Mechanisms of Developmentally Regulated Splicing

发育调控剪接机制

• 批准号: 7575223
• 负责人: Thomas A Cooper
• 金额: $ 28.4万
• 依托单位: BAYLOR COLLEGE OF MEDICINE
• 依托单位国家: 美国
• 财政年份: 2006
• 资助国家: 美国
• 起止时间: 2006-02-01 至 2011-07-31
• 项目状态: 已结题
• 来源: https://reporter.nih.gov/project-details/7575223
• 关键词: Adult; Alternative Splicing; Binding; Binding Sites; Bioinformatics; CCAAT-enhancer-binding protein-delta; Cell Culture Techniques; Cell Line; Chickens; Classification; Development; Disease; Event; Foundations; Future; Gene Expression; Goals; Heart; Investigation; Knockout Mice; Lead; Modeling; Molecular; Mus; Muscle; Muscle Development; Myoblasts; Pattern; Post-Translational Protein Processing; Process; Protein Binding; Protein Isoforms; Proteins; RNA Splicing; Regulation; Research Personnel; Reverse Transcriptase Polymerase Chain Reaction; Signal Pathway; Skeletal Muscle; Staging; Striated Muscles; System; Testing; Transgenic Organisms; Translations; Undifferentiated; Variant; base; cardiogenesis; cell type; fetal; in vivo; insight; mouse model; novel; programs; research study; response; skeletal muscle differentiation

DESCRIPTION (provided by applicant): The long term goal of this proposal is to understand the mechanisms by which endogenous alternative splicing regulators modulate natural splicing transitions.

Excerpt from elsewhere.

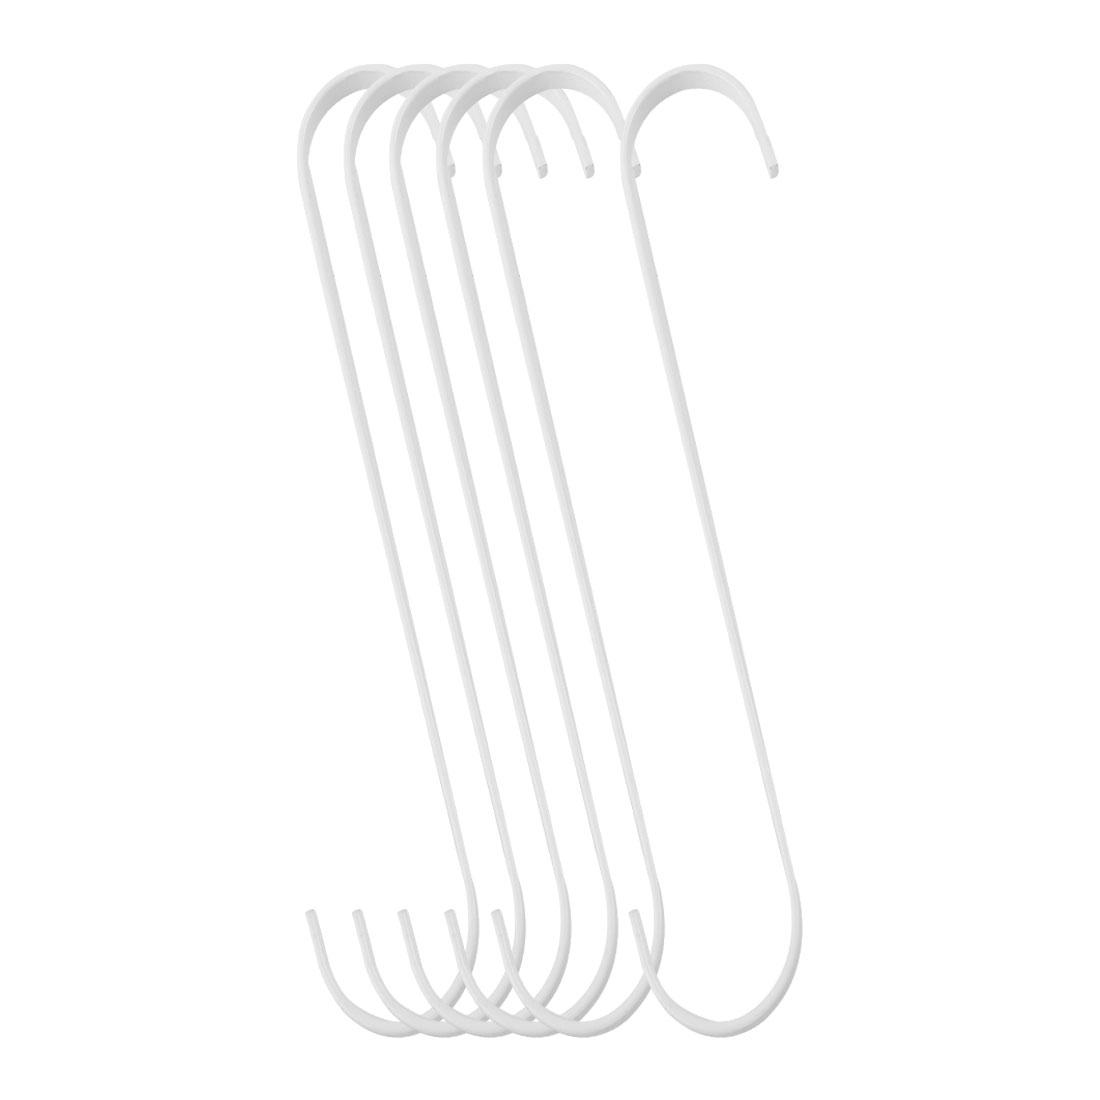 6pcs S Shaped Hook Stainless Steel for Kitchenware Pot Utensil Holder White

Many proteins have been shown to bind to specific pre-mRNAs and regulate splicing in experiments using exogenous proteins and RNA, however, very little is known about how natural splicing transitions are regulated in vivo. Striated muscle development provides an ideal system to discover networks of coordinately regulated alternative splicing transitions, identify the determinative regulators of specific sets of splicing transitions, determine how the activities of endogenous splicing factors are modulated to drive these transitions, and identify the signaling pathways that control the activities of the determinative splicing regulators. We will perform a systematic large scale screen to identify alternative splicing events that are robustly regulated during differentiation of skeletal muscle in cell culture and during fetal to adult development of heart and skeletal muscle tissues. We will establish correlations between splicing transitions and the expression of a panel of known splicing regulators. Comparisons of mouse and chicken striated muscle development will be used to identify conserved transitions of splicing patterns and regulator expression. Bioinformatic analyses will be used to identify putative factor binding sites as well as novel motifs among regulated pre-mRNAs. Sets of robustly regulated alternative splicing transitions will be used to identify splicing factors that are determinative for specific splicing transitions and coordinated regulation. Cause:effect relationships between splicing transitions and regulator expression will be tested, in cell culture and in transgenic and knockout mouse models. We will also determine the mechanisms by which the activities of splicing regulators are modulated during development. Understanding developmentally regulated splicing is crucial for understanding the mechanisms of gene expression in normal and pathological states and will ultimately lead to approaches to correct or circumvent disease processes at the molecular level.

描述（由申请人提供）：本提案的长期目标是了解内源性选择性剪接调节因子调节天然剪接转换的机制。在使用外源蛋白和RNA的实验中，许多蛋白质已被证明与特定的前体mRNA结合并调节剪接，然而，关于天然剪接转换如何在体内调节的知之甚少。横纹肌发育提供了一个理想的系统，以发现协调调节的选择性剪接转换的网络，确定特定组的剪接转换的决定性调节器，确定内源性剪接因子的活动是如何调制驱动这些转换，并确定控制决定性剪接调节器的活动的信号通路。我们将进行系统的大规模筛选，以确定在细胞培养中骨骼肌分化过程中以及在心脏和骨骼肌组织从胎儿到成人发育过程中受到强烈调控的选择性剪接事件。我们将建立剪接转换和一组已知剪接调节因子表达之间的相关性。小鼠和鸡横纹肌发育的比较将被用来确定剪接模式和调节表达的保守转换。生物信息学分析将用于确定推定的因子结合位点以及受调控的前体mRNA中的新基序。将使用稳健调节的可变剪接转换的集合来鉴定对特定剪接转换和协调调节具有决定性的剪接因子。将在细胞培养物以及转基因和基因敲除小鼠模型中测试剪接转换和调节子表达之间的因果关系。我们还将确定剪接调节剂的活动在发育过程中调制的机制。了解发育调控剪接对于了解正常和病理状态下的基因表达机制至关重要，并最终导致在分子水平上纠正或规避疾病过程的方法。